The Israelis forbade the scissors as a potential dual-use weapon. Meanwhile, the U.S. continues to send guns and bombs to Israel.

Each day brings new reports of Palestinians, 40 percent of them children, succumbing to disease and death because they are deprived of food, fuel, clean water, medicines, and shelter. Hellish conditions worsen as infectious contamination spreads from decomposing bodies and the chemical contaminants from thousands upon thousands of Israeli and Western-supplied bombs that have been dropped on Gaza.

In Northampton, Massachusetts, six activists are on the third day of an occupation of the office of Representative Jim McGovern, demanding that he call on the President to immediately halt all weapons shipments to Israel and stop the United States from vetoing United Nations cease-fire resolutions.

“These are desperate times,” says Peter Kakos, one of the occupiers. “We must call for immediate action, and nothing less.” He’s particularly mindful of 17,000 Gazan children who are estimated by UNICEF to be currently unaccompanied or separated from their parents.

We talk about the mental harm on children caused by COVID-19 lockdowns. A March 12, 2024, report by Save the Children draws our attention to what five months of carnage, flight, starvation, and disease, on top of nearly seventeen years of apartheid conditions, will have permanently done to the children of Gaza who survive the brutality now afflicting them.

During a recent visit to Amman, Jordan, I witnessed the anguish and frustration felt by many Palestinians there, denied any means of relieving the suffering of loved ones. They had this response to photos taken of U.S. aid drops: “Are you going to feed starving people so that they can then face genocide from the Israeli Army with a full stomach?” asked my host. “What’s the logic in that? The only humanitarian thing to drop would be to drop all support for Israel’s war on the people of Gaza.”

In May of this year, an Irish organization called AFRI (Action From Ireland) will hold an annual “famine walk” in an area of Ireland across which hundreds of desperate people trekked in cold and stormy weather in 1847 to beg mercy from those British officials designated to assess who would qualify for small portions of food or tickets to enter a workhouse

“The weather was terrible,” notes County Mayo’s official record of the time, “with wind and hail beating down upon them. When they arrived in Delphi the [Board of] Guardians refused them food or their tickets to the workhouse. Needless to say many of them perished on the return journey as fatigue and exhaustion from hunger took hold. Some of those that had energy to start the journey back to Louisburgh were swept into the lake by the heavy squalls.”
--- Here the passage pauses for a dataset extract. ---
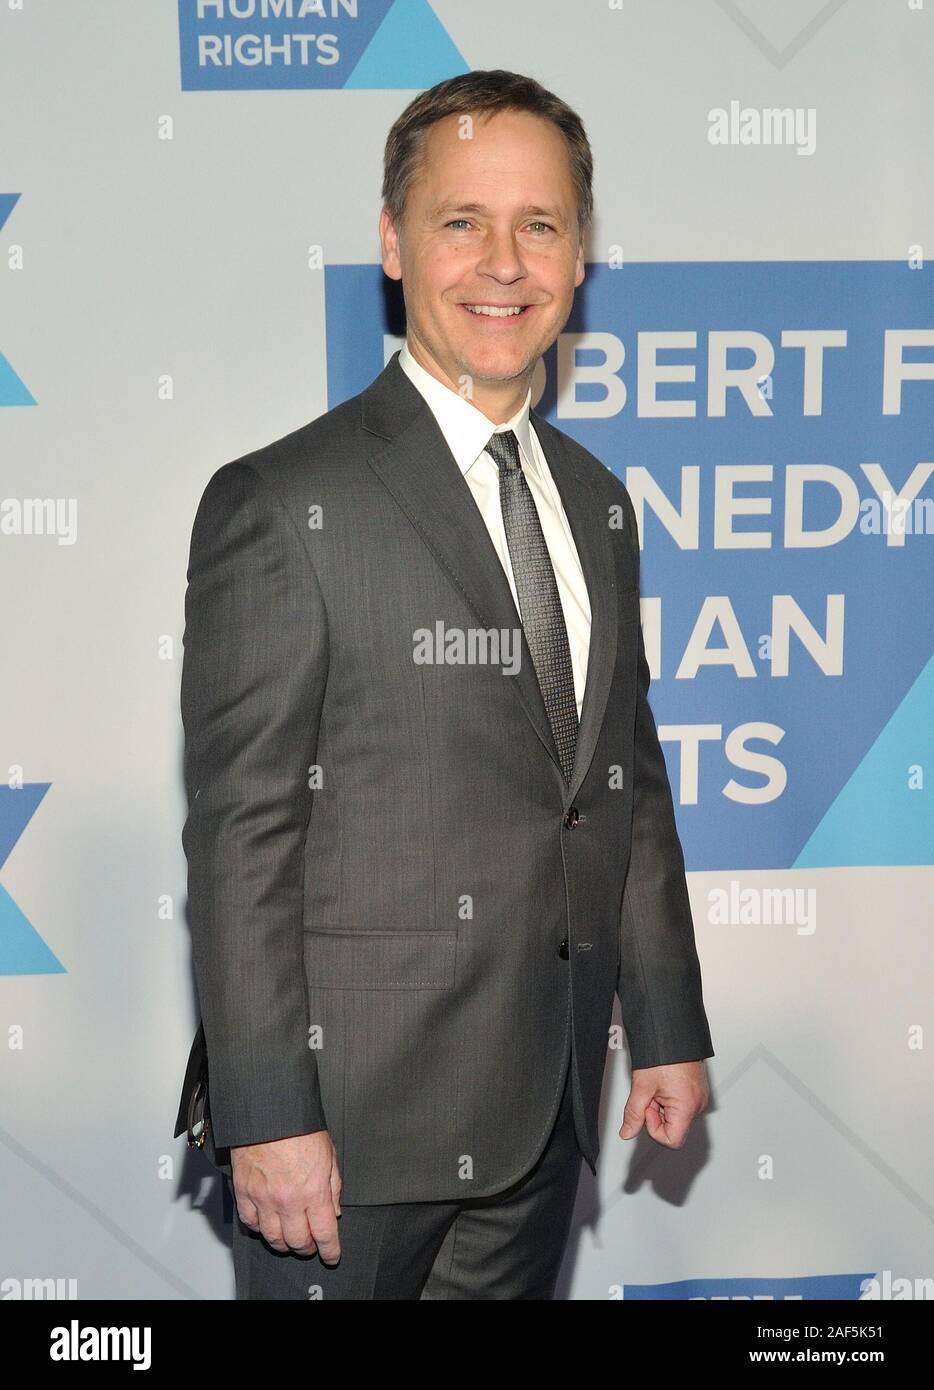 New York, USA. 12th Dec, 2019. Actor Chad Lowe attends the Robert F. Kennedy Ripple of Hope Awards at the NY Hilton in New York, NY on December 12, 2019. (Photo by Stephen Smith/SIPA USA) Credit: Sipa USA/Alamy Live News Stock Photo

Each year, the organizers of AFRI’s famine walk focus on a place in the world where famine afflicts people today. “This year’s famine walk will focus on the unspeakable horrors being visited on the population of Gaza,” says AFRI’s coordinator, Joe Murray, “with ‘Irish’ President Biden forgetting his history and playing the part of a ‘Black and Tan’ in providing the means to obliterate an entire population.”

It’s heinous to ignore the plight of starving people as was done by the British relief officials in the spring of 1847. But it is even more cruel to bomb the people you are deliberately starving, forcing them to wonder if they will face a quick death or a long and tortuous one.
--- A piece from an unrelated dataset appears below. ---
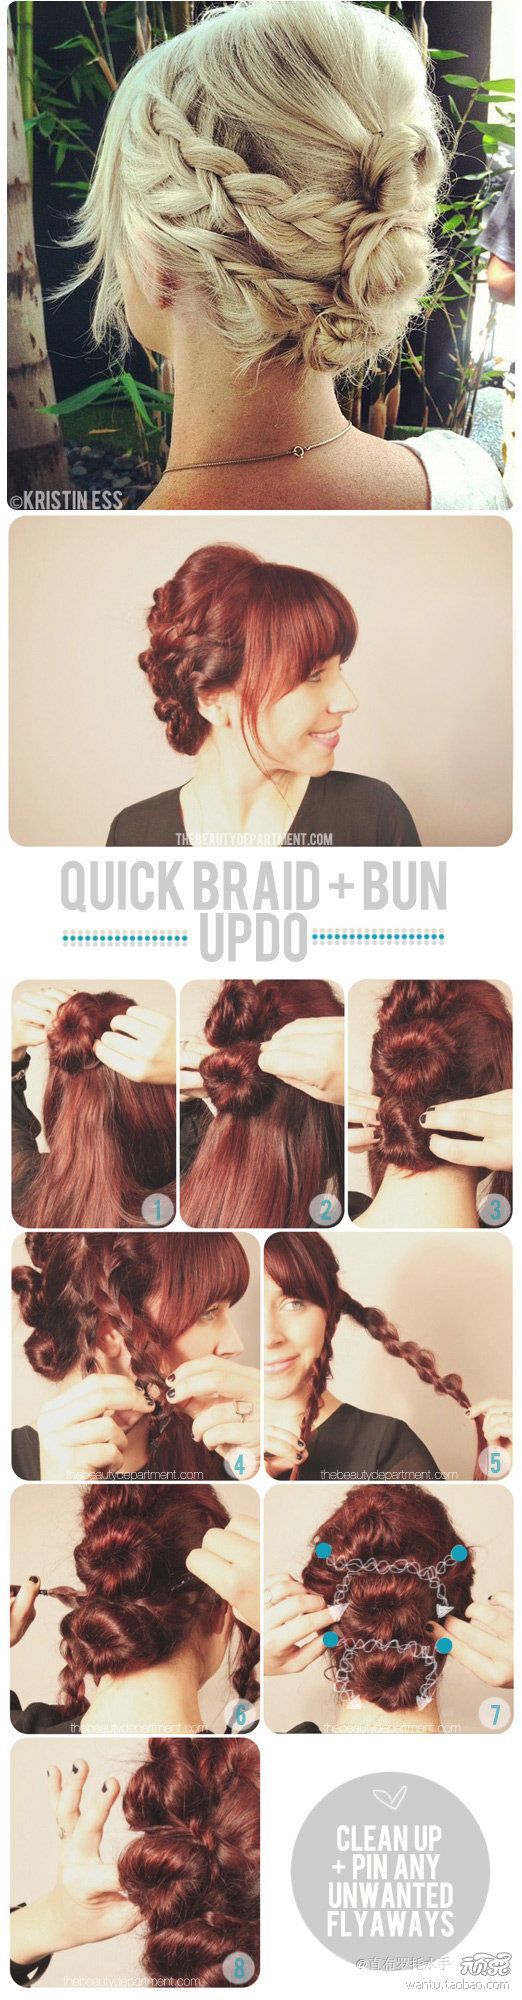 DIY Quick Braid and Bun Updo Hairstyle

Yes, these are desperate times. People in the United States ought to occupy the local offices of every elected official, denouncing all forms of violence and insisting on an immediate end to any support for Israel’s genocidal war against Gaza. It’s time to acknowledge the futility of war and call for a collective home to be shared by Musims, Jews, Christians, Bahais, Druze, and many others in a secular democratic state encompassing Israel and Palestine. Similarly, our elected representatives should occupy the Oval Office until the President takes action.

Kathy Kelly ([email protected]) is the board president of World BEYOND War (worldbeyondwar.org) and a co-coordinator of the Merchants of Death War Crimes Tribunal (merchantsofdeath.org).